After these spatial observations, I focused on one possible explanation of the orientation behaviour, which was suggested by previous studies: larval fish might orient with respect to the sun!

As a first step (and this will be the only step presented here) I tried to relate the direction of orientation to the time of the day, which is correlated with the azimuth of the sun in the sky. To do that I plotted the mean angle and coloured it according to the time of the day. The polar coordinates of ggplot came handy to represent those angles:

library("ggplot2")

load("ggplot-case-study.Rdata")

# compute time of the day (hour)
s$hour = as.numeric(substr(s$timeIn,1,2)) + as.numeric(substr(s$timeIn,4,5))/60

# create a fake y column to visually separate schools from individuals while
# still keeping them on the same plot. The main purpose of this plot is not
# to compare schools to individuals so it does not need to oppose them as
# strongly as the preceding one.
s$y = ifelse(s$nbFish=="school",0.9,1.1)

# plot angles of orientation, coloured depending on time of the day
ggplot() + geom_point(aes(x=mean, y=y, colour=hour, shape=nbFish), data=s,
                      size=3, alpha=0.7) +
         scale_colour_gradient("Hour of day") +
         scale_shape("Number of fishes") +
         coord_polar() +
         scale_x_continuous("", limits=c(0,360),
                      breaks=seq(0,360-1,by=45),
                      labels=c("N","N-E","E","S-E","S","S-W","W","N-W")) +
         scale_y_continuous("",limits=c(0,1.2), breaks=1)
# add custom, geographical labels for the angle
# remove most the grid on Y. Y has no real meaning here

This plots also highlights the South-western direction of schools (triangles), but in a way that is more difficult to relate to reality than the first one.

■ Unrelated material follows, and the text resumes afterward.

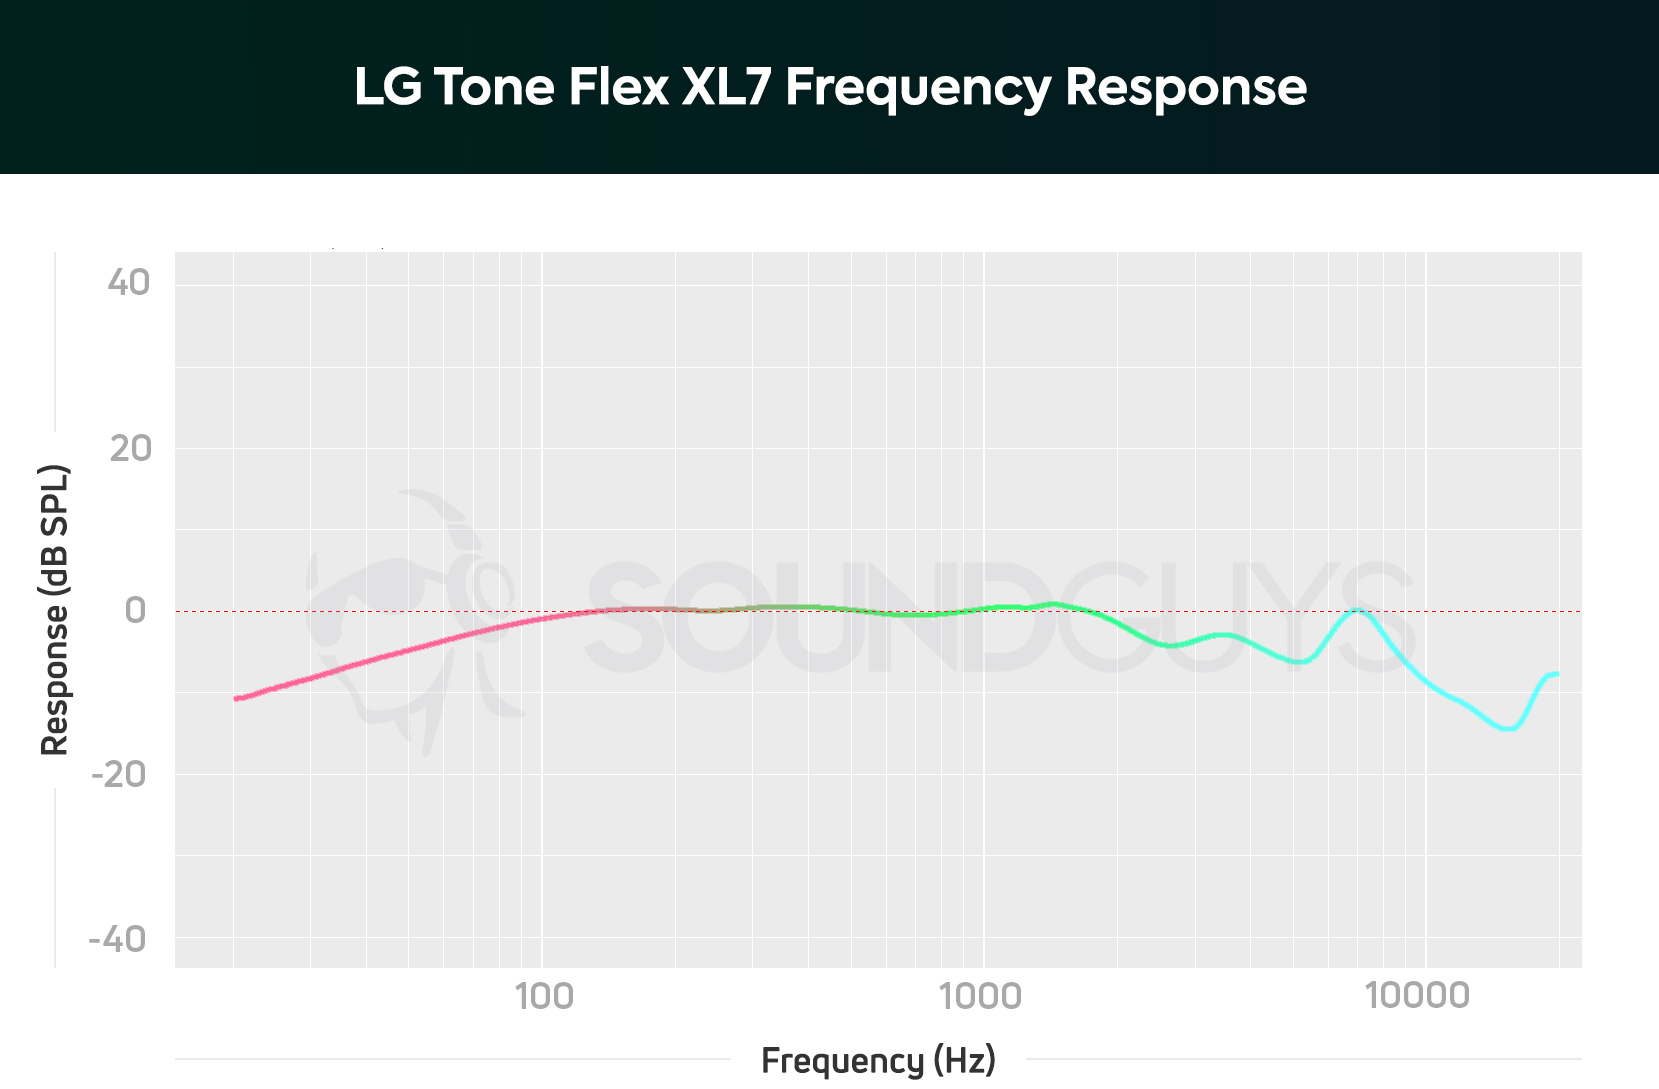 LG Tone Flex XL7 frequency response chart.

The fact that colors are mostly mixed everywhere suggests that there is no evident relation with the time of the day. And indeed, a circular regression of orientation angles against either time of day or the computed azimuth of the sun is not significant.

So it would seem those baby fish were in fact not using the sun to orient. What they actually use is still a mystery…

— Jean-Olivier Irisson

Rosenstiel School of Marine and Atmospheric Sciences, University of Miami, Florida, USA.